— What needs to be done —
Your task is to repeat exactly the lines below between the line holding "Mitsumi electronic DX-TL4516U" and the line holding "coldplay camiseta - javier real", inclusive, and only those.
══ Data shown ══
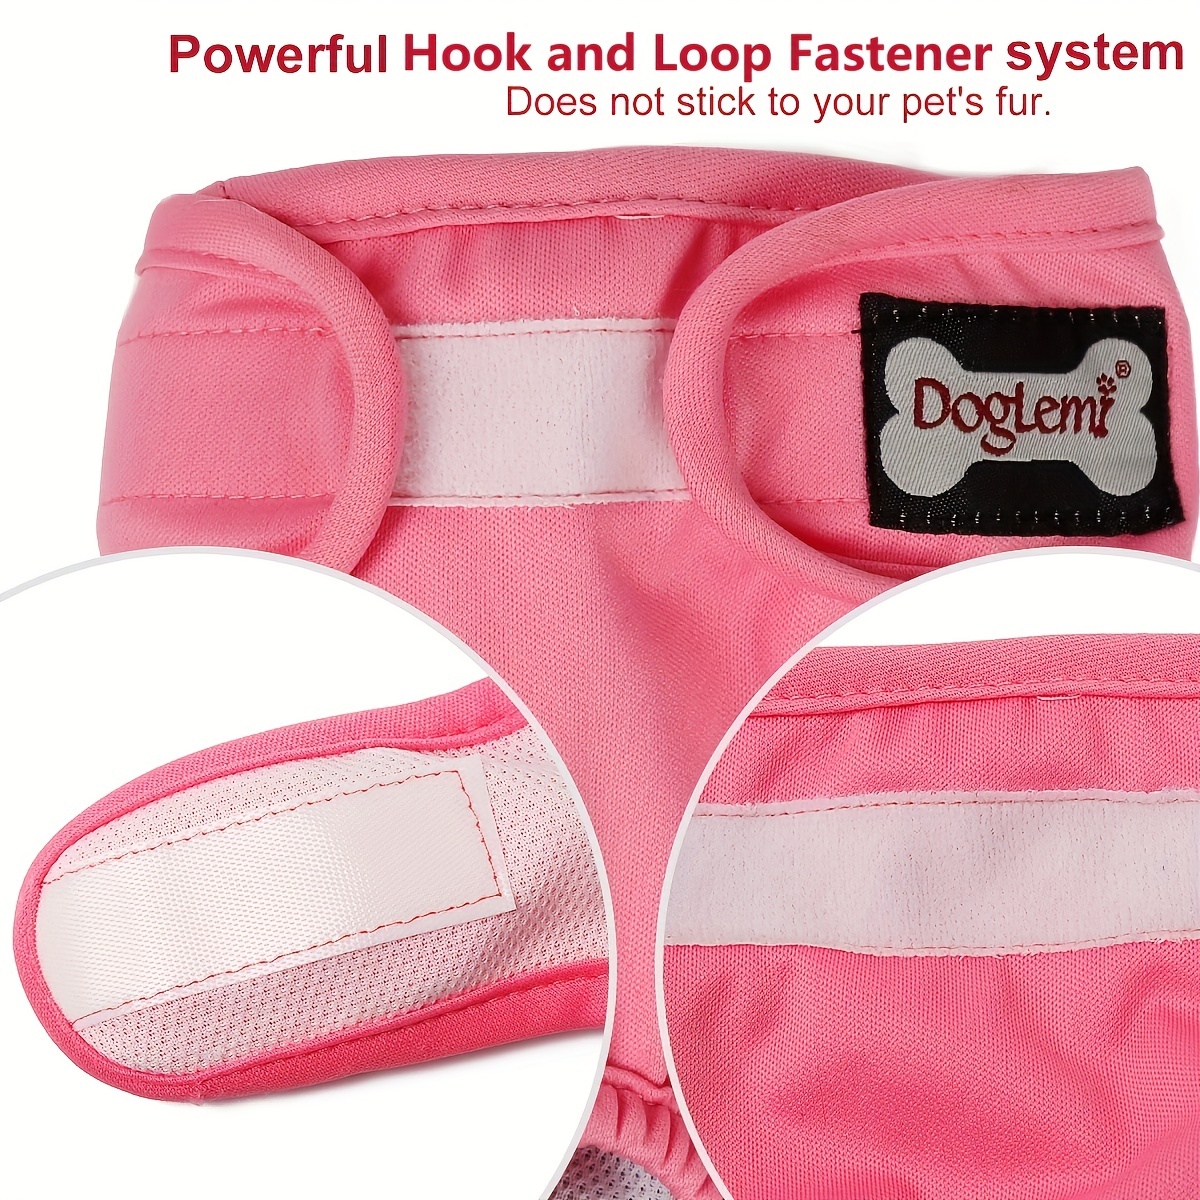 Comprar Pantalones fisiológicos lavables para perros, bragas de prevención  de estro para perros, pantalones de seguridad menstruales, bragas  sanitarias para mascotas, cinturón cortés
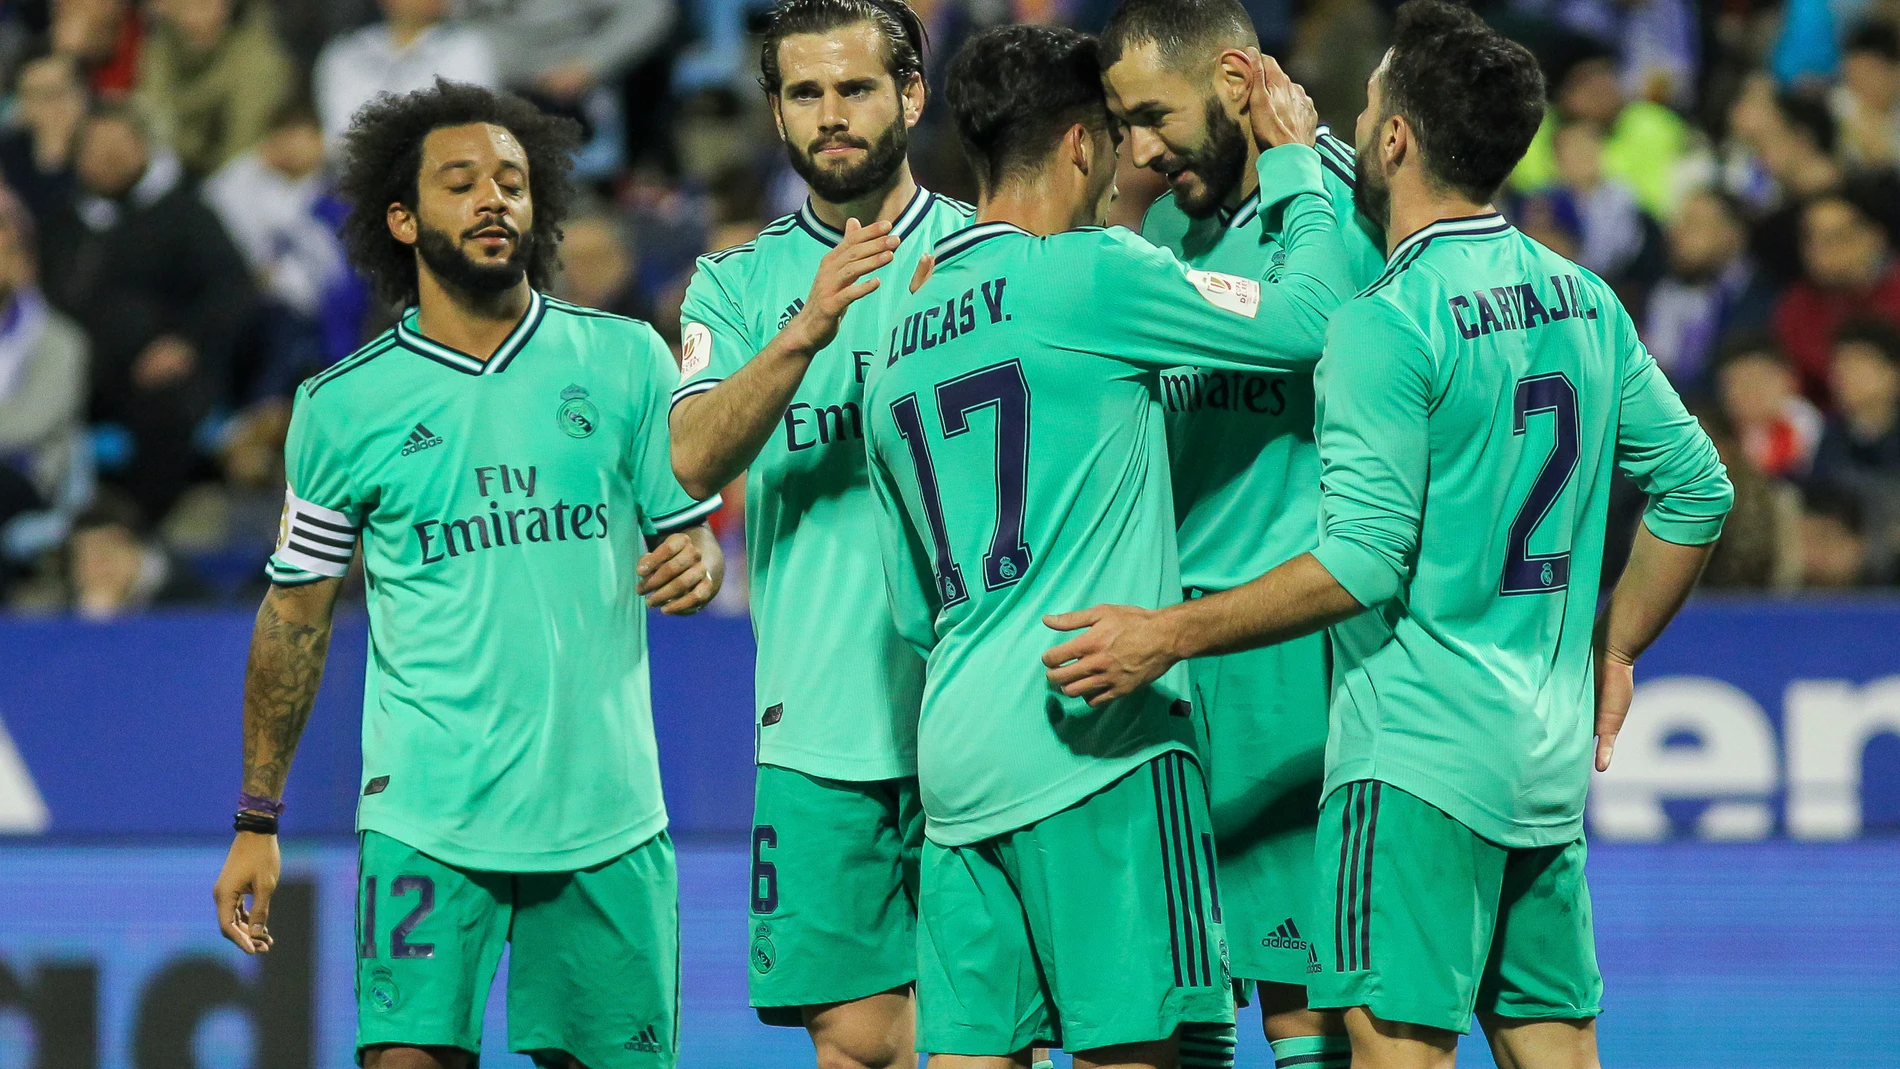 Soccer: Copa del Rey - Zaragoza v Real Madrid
═══
══ Data shown ══
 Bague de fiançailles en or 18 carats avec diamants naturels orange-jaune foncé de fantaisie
═══
══ Data shown ══
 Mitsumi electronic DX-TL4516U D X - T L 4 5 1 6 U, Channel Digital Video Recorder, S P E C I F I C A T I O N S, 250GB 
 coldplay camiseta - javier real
═══
— Response to this exercise —
 Mitsumi electronic DX-TL4516U D X - T L 4 5 1 6 U, Channel Digital Video Recorder, S P E C I F I C A T I O N S, 250GB 
 coldplay camiseta - javier real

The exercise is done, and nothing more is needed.